The next morning is pandemonium. They find half of the guards still passed out on the ground at various points, snoring into the sand, and the other half dragging themselves groggily to their feet. If it was one man they would dismiss it as the aftereffects of too much drink, but not when it is all of them at the same time. And not when Kaza comes forward to say that one palace maid is missing from his tent.

Sholu hits him, hard, knocking him to the ground. Kaza tries to catch himself but lands awkwardly on his arm, spraining a wrist. Still, he keeps his head down while his commander berates him. Grey eyes flash and hands go to a gun threateningly, and for a moment I think I've miscalculated, that he might shoot, but the gun is holstered a moment later. It was just a prop.

The rest of the guards aren't treated much better. They're stripped of their uniforms and given plainclothes, told they aren't fit to call themselves soldiers if it only takes one little girl to incapacitate the lot of them. I smile to myself watching them hand over their jackets, allowing myself to revel in their humiliation. My hate loves to watch their heads hang, to hear Sholu dismiss them with a snarl. They deserve as much.

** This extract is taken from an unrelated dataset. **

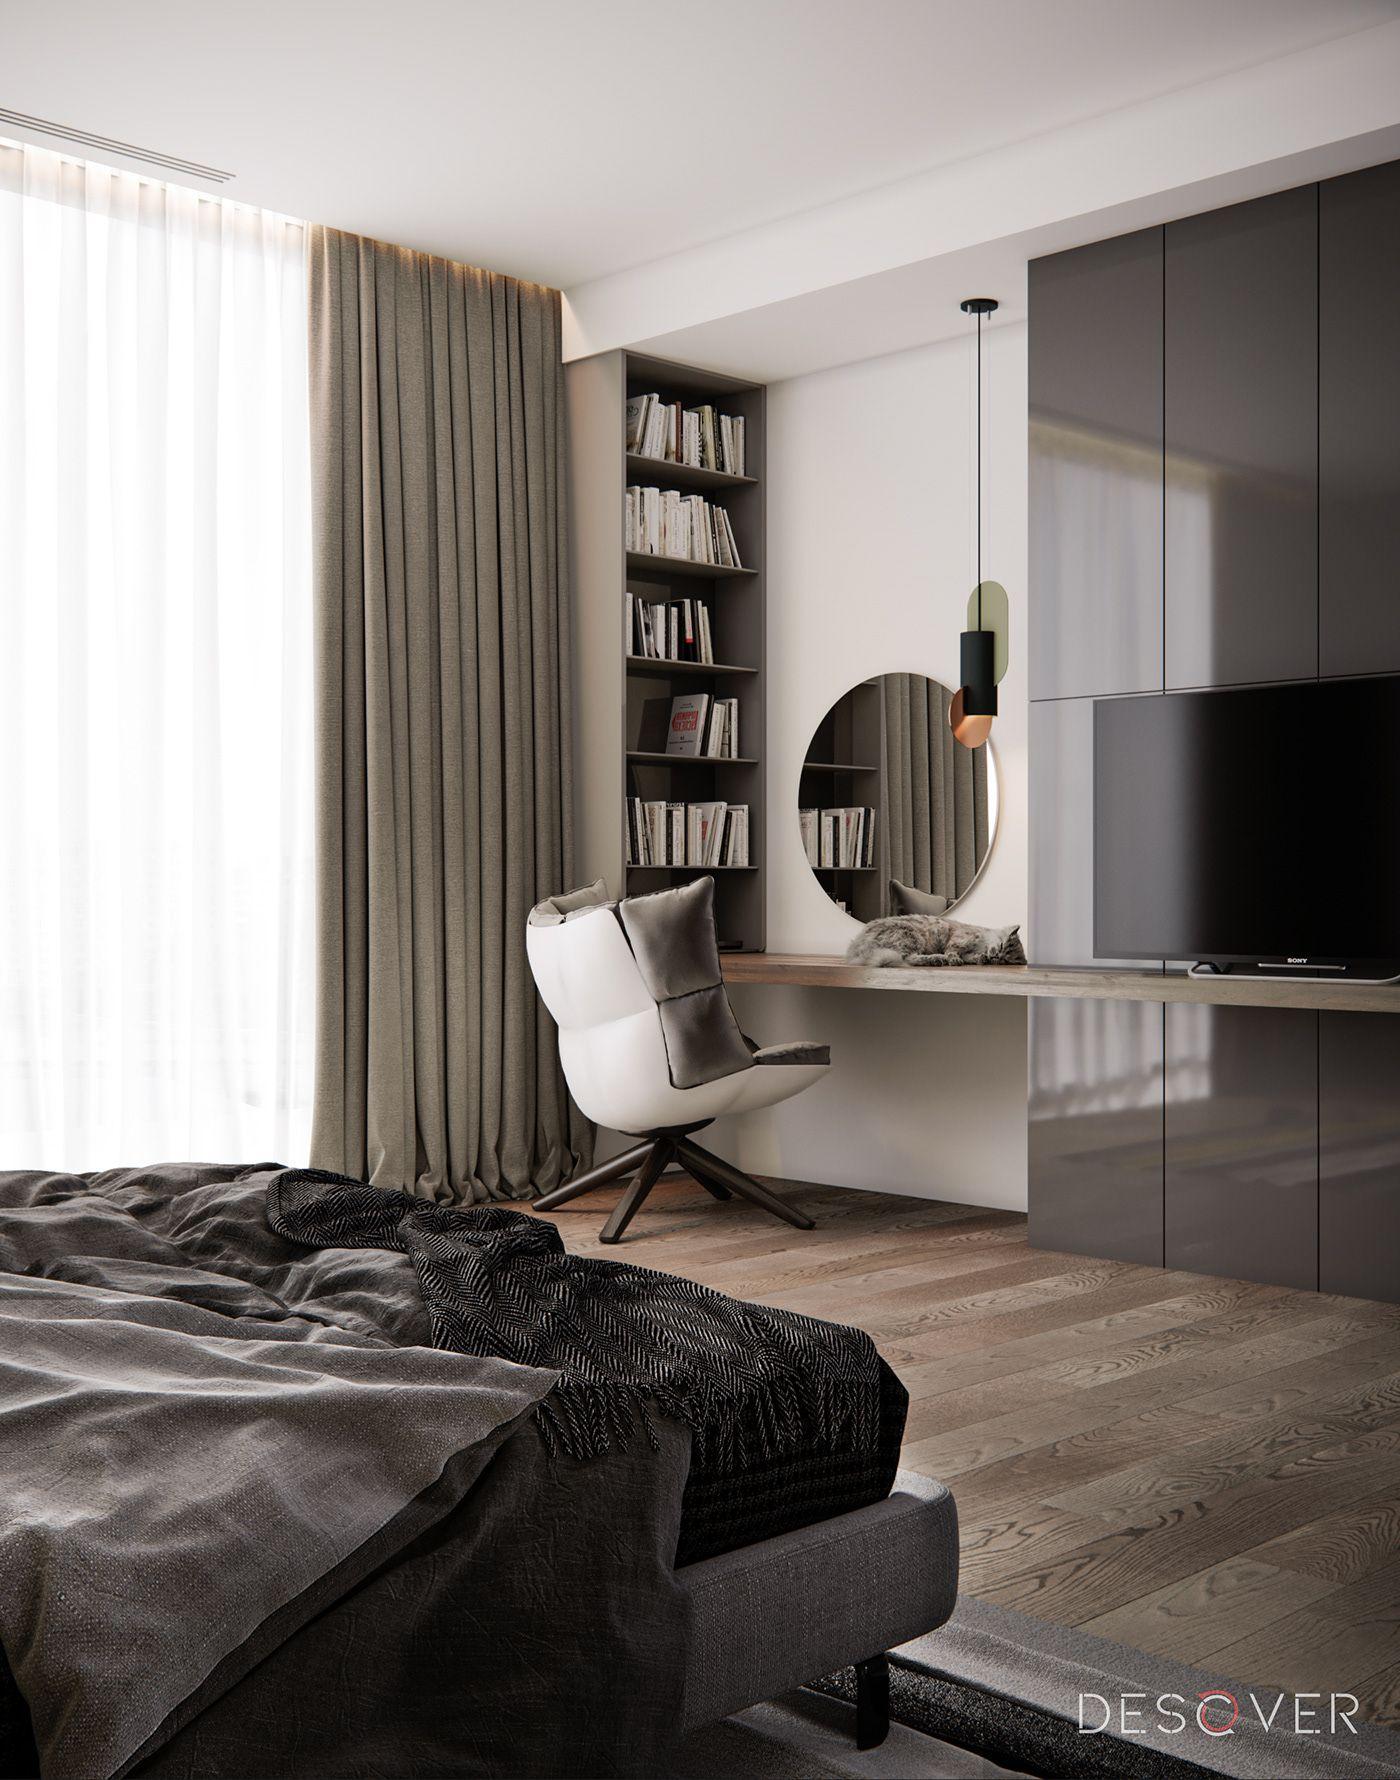 Flexi 2 Room Interior Design: Modern Apartment Interior Design

I expect him to come for me. To tell me he knows this was my doing, because he has to. I've seen his eyes darting over to me often enough this morning. But he doesn't. He ignores me and tells everyone to get ready to move, that the caravan departs in half an hour. He ignores Halima, too, because as far as I can tell no one leaves the area. No search parties.

Soon I'm back in my box of a carriage with Kaza, pulling at the threads of my tunic as the beast that is the caravan lurches and begins to crawl forward. Nothing went how I expected it to go and I'm disconcerted, disturbed even, trying to account for the deviation.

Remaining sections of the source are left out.